The Dollar in Years When a New President Is Inaugurated

January 17, 2017

In February 1973, the second dollar devaluation in 14 months failed to stem heavy speculative downward pressure on the U.S. currency. Just a couple of weeks later, fixed exchange rates imposed by rigidly automatic central bank intervention were ended against the currencies of other advanced economies. A new system of floating exchange rates was born, first without any role for U.S. intervention. By July 1973, however, the need for some U.S. intervention at times of disorderly market conditions was reintroduced. Richard Nixon was president at the time. In 1971, he had severed the link between the dollar and gold, and the first presidential change of the floating rate era occurred when Nixon resigned in August 1974.

That was also the only presidential transition in the floating rate era not to follow the constitutional script of election on the first November Tuesday after a November Monday, followed by an inaugural pageant the following January 20th. In all, there have so far been only six new presidents sworn in via such a ceremony in the floating rate era. This Friday, Donald Trump will become the seventh to do so. The six precedents were Carter in 1977, Reagan in 1981, George H. W. Bush in 1989, Clinton in 1993, George W. Bush in 2001, and Obama in 2009.

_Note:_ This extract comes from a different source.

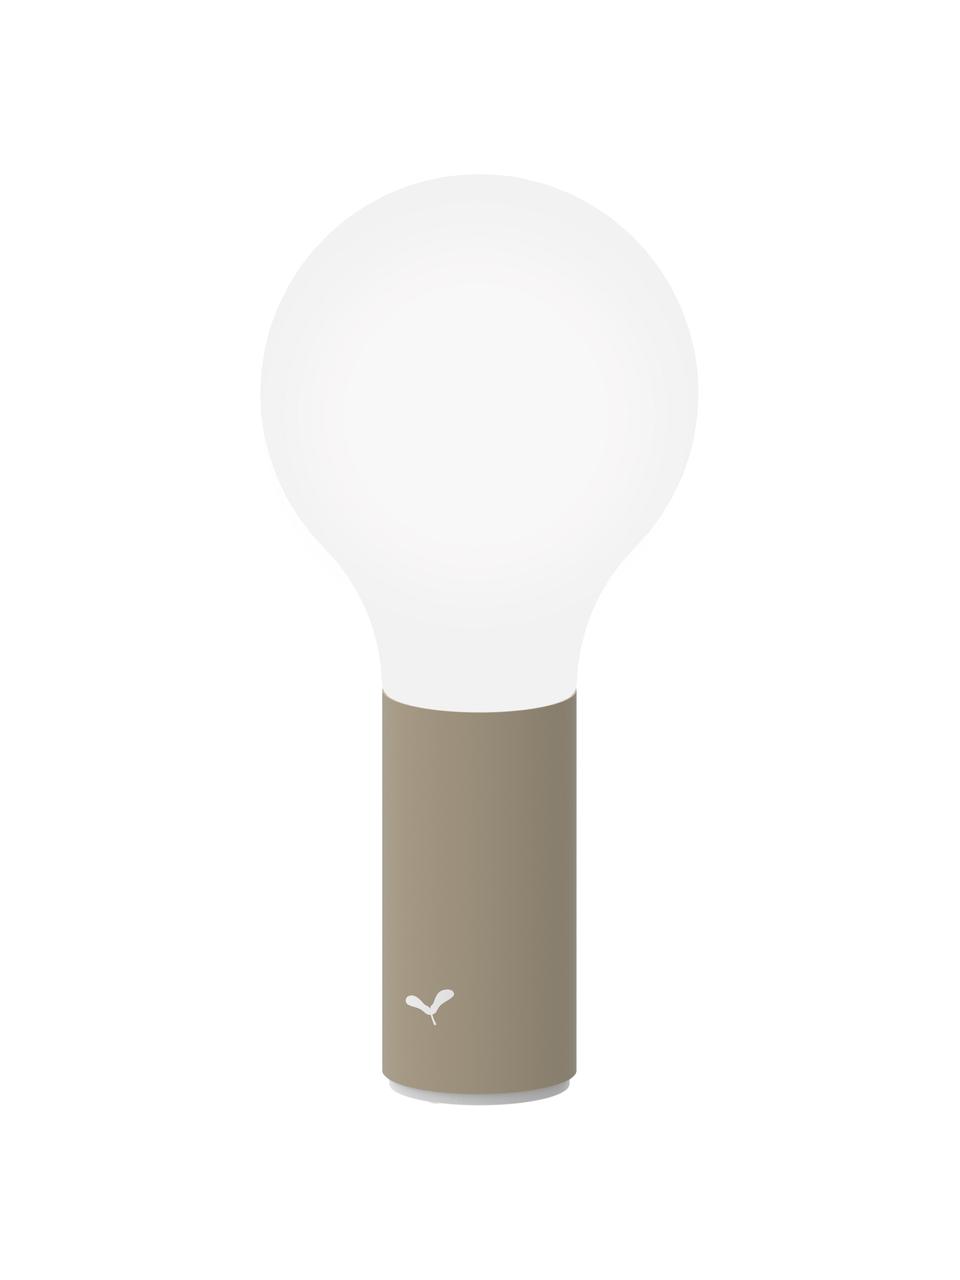 Mobile Dimmbare Außenleuchte Aplô, Lampenschirm: Polyethylen, Sockel: Aluminium, beschichtet, Weiß, Muskatbraun, Ø 12 x H 25 cm
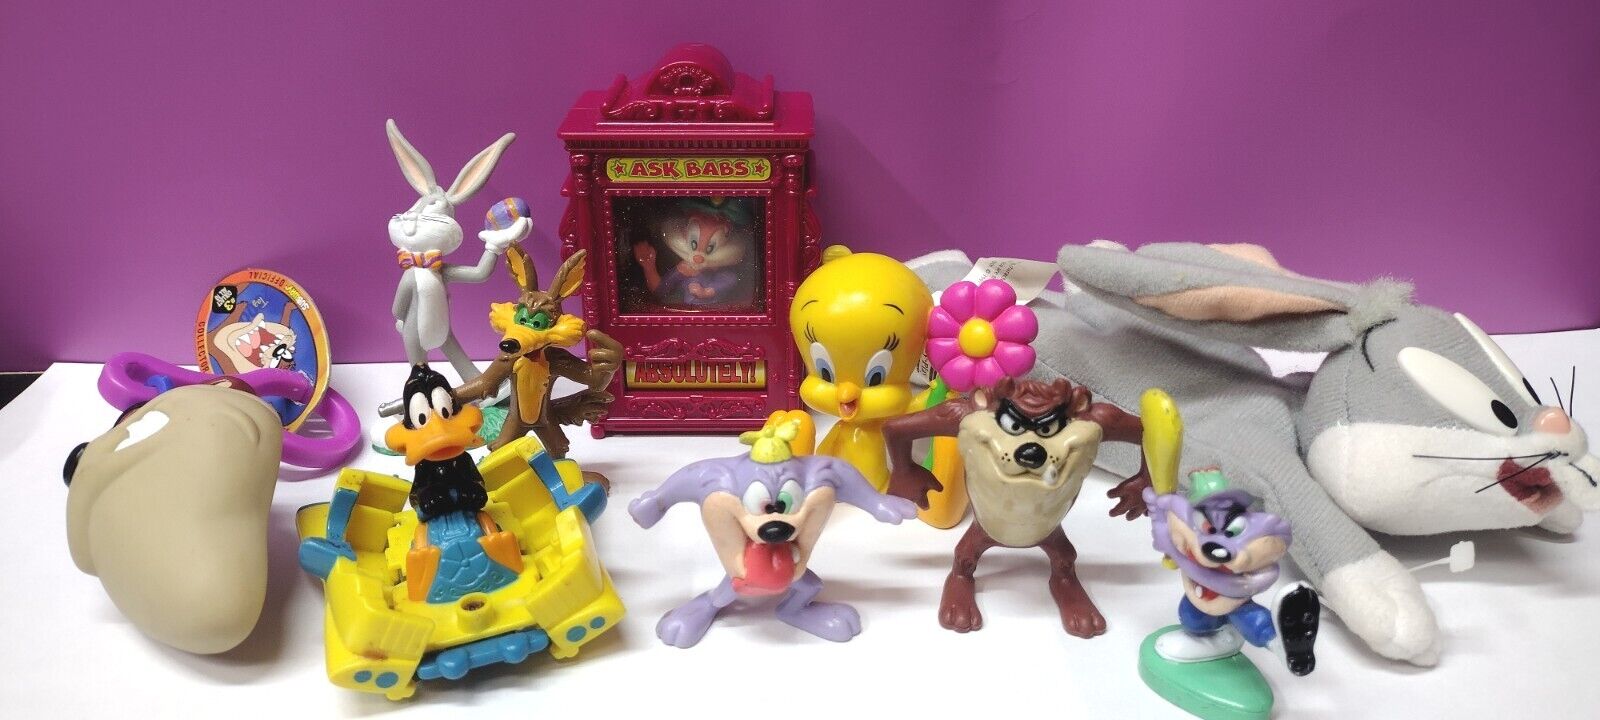 Vintage Looney Toons Lot - Wiley Coyote, Bugs, Taz, Figurines - Warner Brothers

Some other key countries have had a similar number of political leaders since 1973 as has the United States, while other have experienced considerably more of them. For instance there have been just five German chancellors, six French presidents, six supreme leaders of China. There have also been eight Russian leaders, nine British prime ministers and ten Canadian prime ministers. However, Japan and Italy have revolved through 23 and 27 prime ministers, respectively.

U.S. presidential transitions can trigger significant shifts in the dollar. Deterioration in U.S. inflation and the economy’s trade balance caused the dollar to fall 12.2% against the Deutsche mark  between Carter’s inaugural in 1977 on January 20 and the end of that year and it depreciated roughly 20% additionally during the first ten months of 1978. Dollar weakness was also generated by loose verbal rhetoric from U.S. officials, and losses were not limited to the mark. By late October 1978, the yen was trading 75% above its fixed dollar parity level that had been abandoned in 1973.

Ronald Reagan inherited double digit U.S. inflation but also a reconfigured Fed policy that had shifted from targeting the interest rate to targeting money growth. The dollar’s lowest levels were hit a few quarters before the election of 1980, but confidence was still not high in the determination of the U.S. government and central bank to restore price stability at all costs. The Fed conducted matched sales on the day after the 1980 election. Short-term interest rates soared in 1981, and real interest rates embodied in longer-term rates were also lifted by Reagan’s program of tax cuts that widened the fiscal deficit. From the January 1981 inaugural to the end of 1981, the dollar advanced 12.3% on balance against the mark and 8.9% versus the yen in spite of a substantial but temporary downward correction in late summer. There would be two more big corrections within a multi-year period of recovery that saw the dollar ultimately double in value by early 1985.

In 1988, voters elected a new president but chose continuity rather than change, electing Reagan’s vice president to succeed him. The dollar had fallen considerably in 1985-87 but proved well-bid in the first several months of Bush’s presidency. That rally peaked in June 1989, however. And by the end of the first year, it was on balance 8.5% weaker than at the time of the inaugural. Unlike 1981, the dollar did not march to the same beat against all currencies in 1989. From the inaugural to yearend, it climbed 11.9%.

Bill Clinton’s first term as president began with some considerable bashing of Japanese trade practices, led by his first Secretary of the Treasury, Lloyd Bentsen. Not surprisingly, the dollar fell 10.5% between the inaugural in 1993 and the end of that year. But against the mark, the U.S. currency rose 8.2%.

The U.S. economy experienced a mild recession in much of 2001. Once that ended, the nation was coping with the shock of the 9/11 attack. 2001 was also early days in the European single currency experiment. The euro’s record low against the dollar had been set at $0.8228 in October of 2000, and it was perceived with suspicion in the early days of the Bush43 presidency. The dollar ended 2001 some 5% stronger than its inaugural day value against the euro. The U.S. currency performed even more strongly against the yen, rising 12.3% in the same span.

The sixth and last time that a new person was sworn in on January 20 occurred eight years ago and occurred under the most dire circumstances since Roosevelt replaced Hoover in 1933. Stocks were in free fall. Real GDP had plunged 8.2% in the final quarter of 2008, and the 3-month presidential transition period (November 2008 to January 2009) had seen non-farm payroll employment plummet by 2.255 million workers. From the inaugural to the end of 2009, the dollar fell 9.8% on balance against the euro but managed to rise 3.2% against the yen.

Two generalizations emerge from this history. First, dollar/yen and EUR/USD moved in opposite directions in three of the last five precedents. Secondly, changes in the White House’s occupant can be followed by significant dollar movement. Each of the six instances since 1976 saw a double-digit change in the yen or euro.